28 April, 2010

Off the Grid

E-mail. Facebook. Cell phone. Texts. Twitter. Instant Messenger. Blogging. My profession seems to demand my connectivity. In general, I'm a pretty efficient communicator, so I mostly don't mind. I'm not usually a slave to these tools, in fact they make it easier to do my job.


I'm headed off the grid in a very short while. To places without WiFi, and in fact where often even cell phones don't work. And I'm looking forward to it. Yes, I'll definitely check in, but it will require a conscious decision to find a place with service. I already know that several of my favorite UP fishing spots DON'T have cell service. I may visit those first.

Ahhhh. More tales next week - with pictures!


27 April, 2010

Rip n' Strip

Headed to the PM tomorrow night for a day of "business fishing"(hey, I don't golf...) on Thursday. I'd been wondering what the plan was -- this was originally booked as a guided steelhead trip, but there's not much chrome in the PM these days. Just talked to the friend/media partner who put this together and he found out from the guide that the plan is primarily stripping streamers for trout! AWESOME! I set-up sink tips in 6- and 8-weight configurations over the winter. I've done a little technique research online, and did a quick demo in a class last year, but nothing beats getting out and doing it on the water! Eager to get out and do it.

After I get off the river, I'll then be headed north to the Upper Peninsula. This is the annual Spring trip with my Dad, Uncle, and assorted friends. Talked to my Dad on Sunday -- rivers are low, but he managed to land a steelhead and a brown. As of now, I'm thinking it might be time for some exploration off the beaten path (or at least to new places for US). Was doing some reading on the middle section of the Escanaba, which looks interesting. Also considering a trek to the Two Hearted in a couple of spots.

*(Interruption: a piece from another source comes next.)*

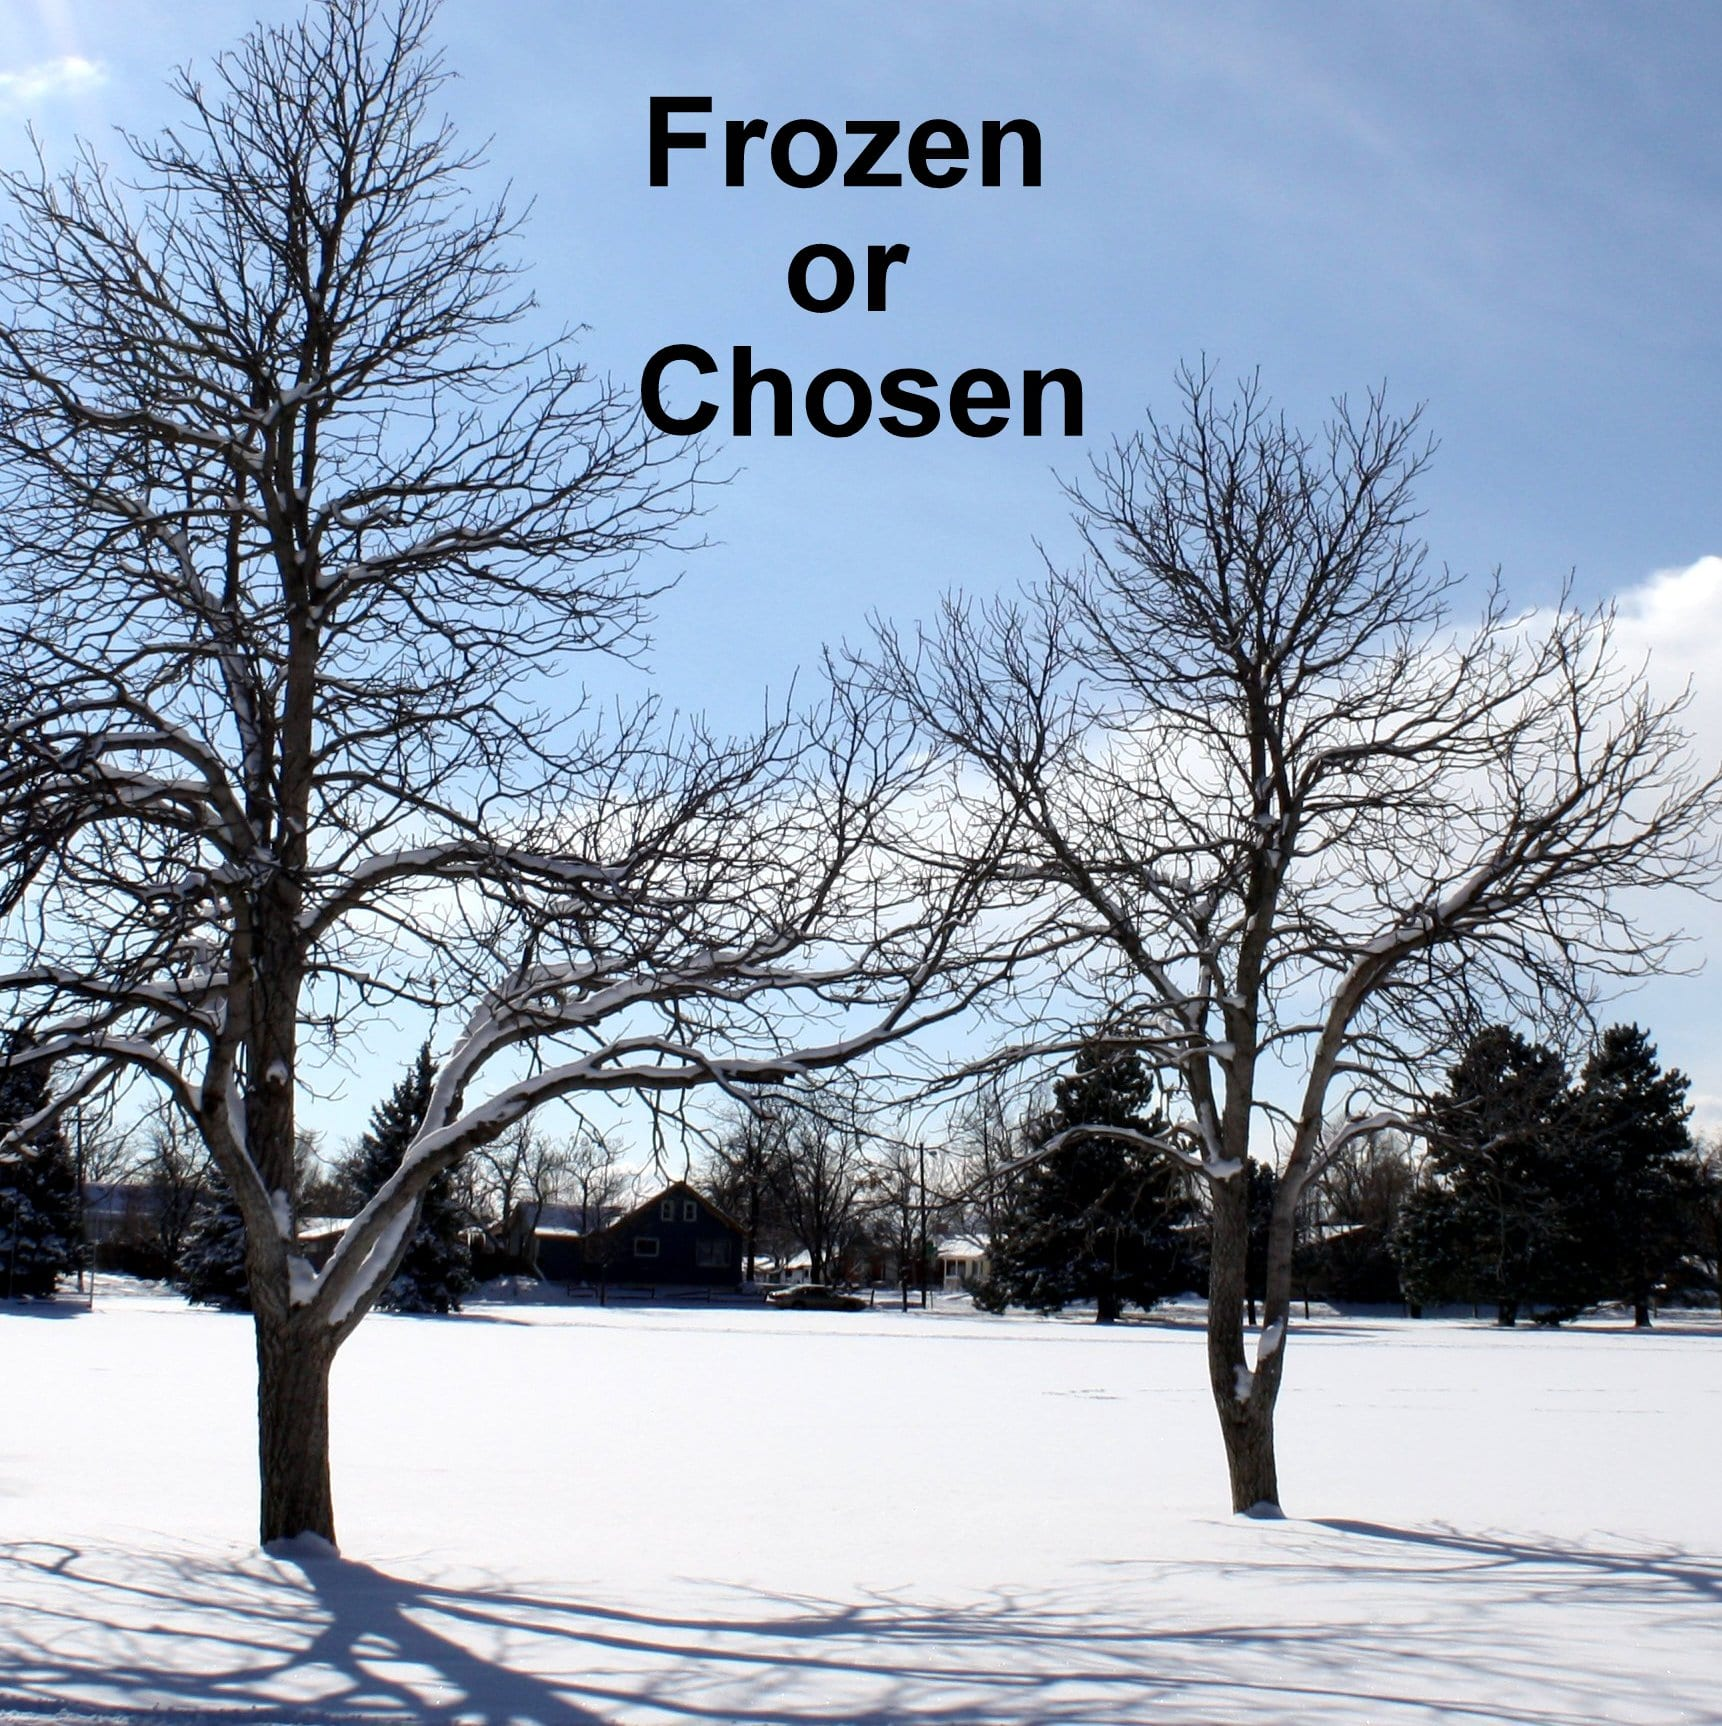 Frozen Chosen!

On the way home, if weather permits and there's a good hatch on, I'll likely do a bit of the Holy Waters of the AuSable. Always had good luck here in the past and it's very pleasant on a Spring evening.

Should be a blast! Now to get my work and packing done!


26 April, 2010

Whole New World

After my brief introduction to fly tying, I am completely overwhelmed -- but in a good way. Just walking into a fly shop with a good selection of tying supplies seems to knock the little hamster right off the treadmill in my brain.

So many favorite patterns I want to figure out how to tie -- Hendrickson's, Sulfurs, little black Stoneflies, BWO's, various egg patterns. Stopped at Nomad Anglers on Saturday morning where I finally secured the elusive green d-rib for tying green caddis nymphs. But, I also picked up a really comprehensive book on tying techniques and patterns. One piece of advice they had was not to get overwhelmed -- learn to tie 3-4 basics. Then add to your repertoire. I think this is good advice. Toward that end, I think I'll focus on these four:
  1. Egg flies -- it's still steelhead season for at least a little while, and I want to have my program DIALED for these come Fall.

  2. Wolly Buggers -- easy to tie, plus solid for summer trout and smallies. A big Huron River fave.

  3. Green caddis nymphs -- always had good luck on these, and now I have the materials for them.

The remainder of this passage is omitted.